3
votes

Please excuse poor style and inefficient solutions. All help is greatly appreciated.

Context:

Attempting to isolate the best rate of cycling performance gain over a 6-week block over the course of one year. Performance is measured as the maximum effort produced for any given time period for one cycling record, i.e. 1, 5, 20 min effort, etc...

Tasks:

  1. Create rolling window
  2. Best fit trend line for each window
  3. Keep window corresponding to largest positive slope

Data:

ap1 = np.array([[datetime(2015, 10, 17, 12, 45, 13),
   datetime(2015, 10, 18, 11, 56, 35),
   datetime(2015, 10, 20, 9, 24, 52),
   datetime(2015, 10, 23, 9, 27, 12),
   datetime(2015, 10, 24, 12, 26, 33)], 
[281.0, 343.0, 270.0, 312.0, 320.0], 
[246.0, 305.0, 260.0, 283.0, 289.0], 
[236.0, 250.0, 239.0, 257.0, 245.0]], dtype=object)

Issue: I am currently stuck on Task 1. I have been attempting to follow user2689410's response to computing a rolling_mean over irregular time series. I am hoping to grab his data slicing method.

I only want to slice the dataset into rolling intervals of 45 days. Below is the progress:

from pandas import Series, DataFrame
import pandas as pd
from datetime import datetime, timedelta
import numpy as np

idx = ap1[0]
idx = pd.Index(idx)

ap1=np.transpose(ap1)
ap1=pd.DataFrame(ap1, index = idx, columns = ['date', 'cp1', 'cp2', 'cp3'])
ap2=ap1.drop('date', 1)

ap2 = DataFrame(ap2.copy())
idx = Series(ap2.index.to_pydatetime(), index=ap2.index)

for colname, col in ap2.iteritems():
    dslice = col[idx-pd.tseries.frequencies.to_offset('42D').delta:idx]
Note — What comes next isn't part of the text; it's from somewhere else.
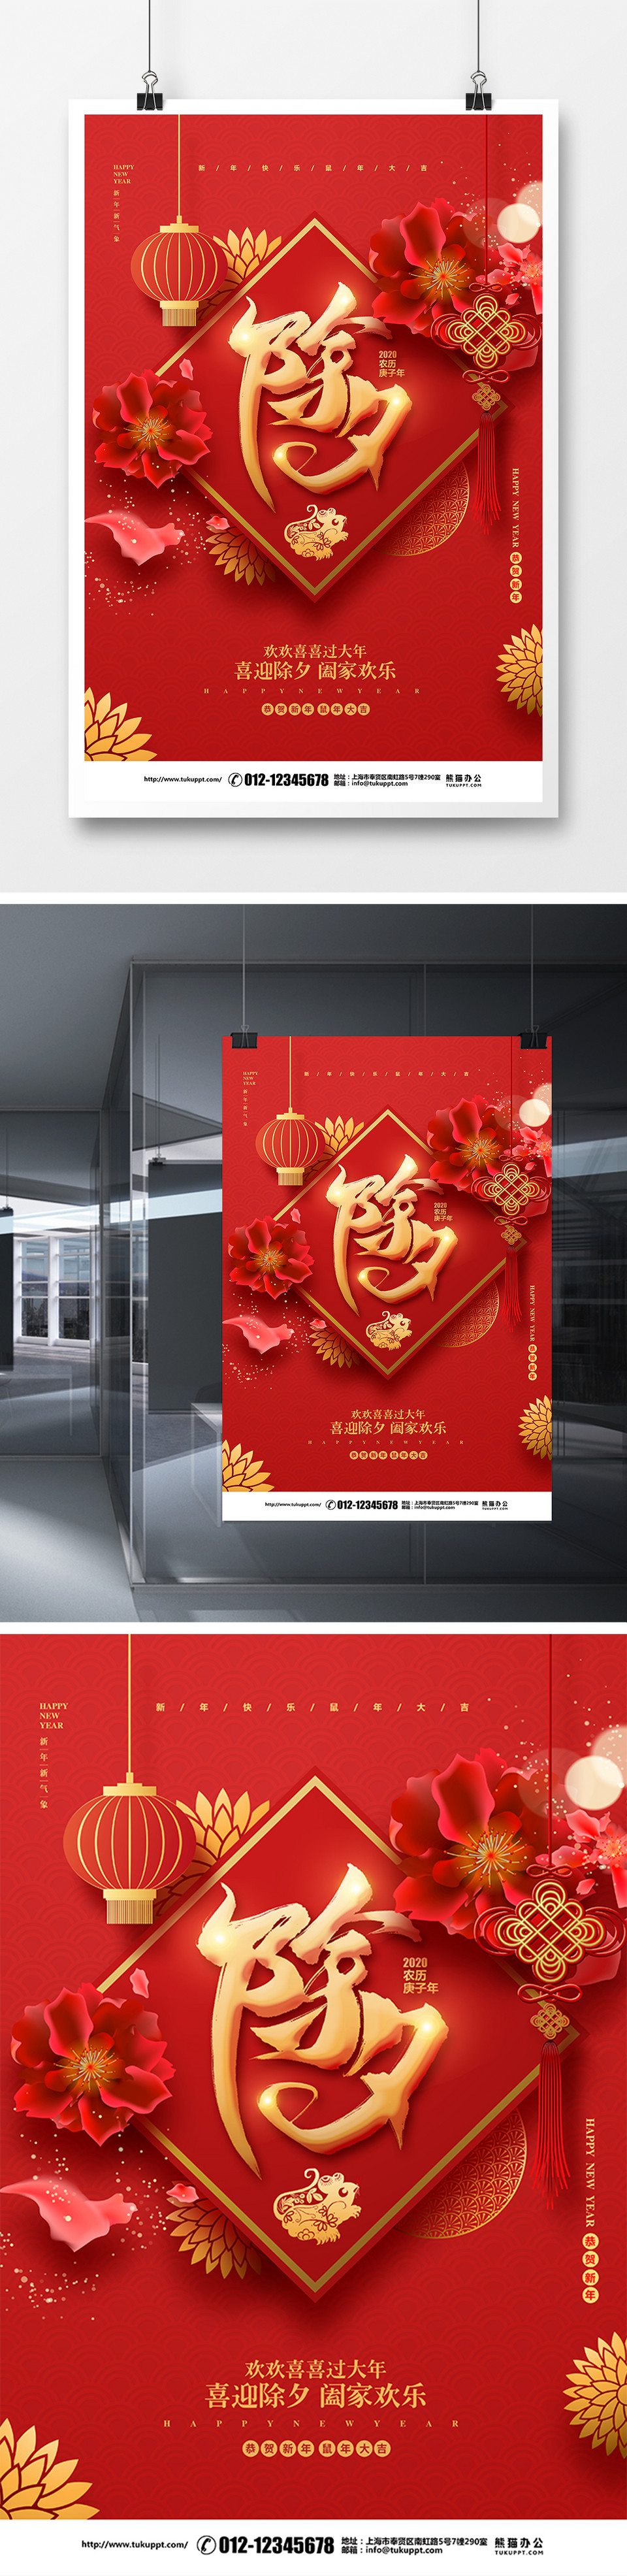 喜庆剪纸传统节日腊月初八腊八节宣传海报设计

The for loop gives me the error:

Traceback (most recent call last):
File "<stdin>", line 2, in <module>
File "/usr/local/lib64/python2.7/site-packages/pandas/core/series.py", line 642, in __getitem__
return self._get_with(key)
File "/usr/local/lib64/python2.7/site-packages/pandas/core/series.py", line 647, in _get_with
indexer = self.index._convert_slice_indexer(key, kind='getitem')
File "/usr/local/lib64/python2.7/site-packages/pandas/indexes/base.py", line 1208, in _convert_slice_indexer
indexer = self.slice_indexer(start, stop, step, kind=kind)
File "/usr/local/lib64/python2.7/site-packages/pandas/tseries/index.py", line 1497, in slice_indexer
return Index.slice_indexer(self, start, end, step, kind=kind)
File "/usr/local/lib64/python2.7/site-packages/pandas/indexes/base.py", line 2962, in slice_indexer
kind=kind)
File "/usr/local/lib64/python2.7/site-packages/pandas/indexes/base.py", line 3141, in slice_locs
start_slice = self.get_slice_bound(start, 'left', kind)
File "/usr/local/lib64/python2.7/site-packages/pandas/indexes/base.py", line 3084, in get_slice_bound
slc = self.get_loc(label)
File "/usr/local/lib64/python2.7/site-packages/pandas/tseries/index.py", line 1419, in get_loc
stamp = Timestamp(key, tz=self.tz)
File "pandas/tslib.pyx", line 405, in pandas.tslib.Timestamp.__new__ (pandas/tslib.c:9932)
File "pandas/tslib.pyx", line 1475, in pandas.tslib.convert_to_tsobject (pandas/tslib.c:26432)
TypeError: Cannot convert input to Timestamp

Where do I go from here?

2

2 Answers

2
votes

Nowadays, pandas.DataFrame.rolling can deal with irregular time series.

-1
votes

I found a solution, it is not pretty but works. Please provide feedback for increasing efficiency. This solution provides me with arrays of subarrays corresponding to the moving window for a particular column

 idx = ap2[1]
 idx = pd.Index(idx)

 ap2 = np.transpose(ap2)
 ap2 = pd.DataFrame(ap2, index = idx, columns = ['date', 'cp1', 'cp2', 'cp3'])
 ap2=ap2.drop('date', 1)
 ap2=ap2.astype(float)
 ap2 = DataFrame(ap2.copy())
 dfout = DataFrame()

 idx = Series(ap2.index.to_pydatetime(), index=ap2.index)

 window = '42D'

 idxwindow = idx[idx[0]:idx[len(idx)-1]-pd.tseries.frequencies.to_offset(window).delta]

for i in ap2:
    exec(i +"= []")
for colname, col in ap2.iteritems():
    for i in idxwindow:
        result=col[i:i+pd.tseries.frequencies.to_offset(window).delta]
        result=np.stack((result.index.date, result.values), axis=-1)
        if colname == 'cp1':
            cp1.append(result)
        elif colname == 'cp2':
            cp2.append(result)
        else:
            cp3.append(result)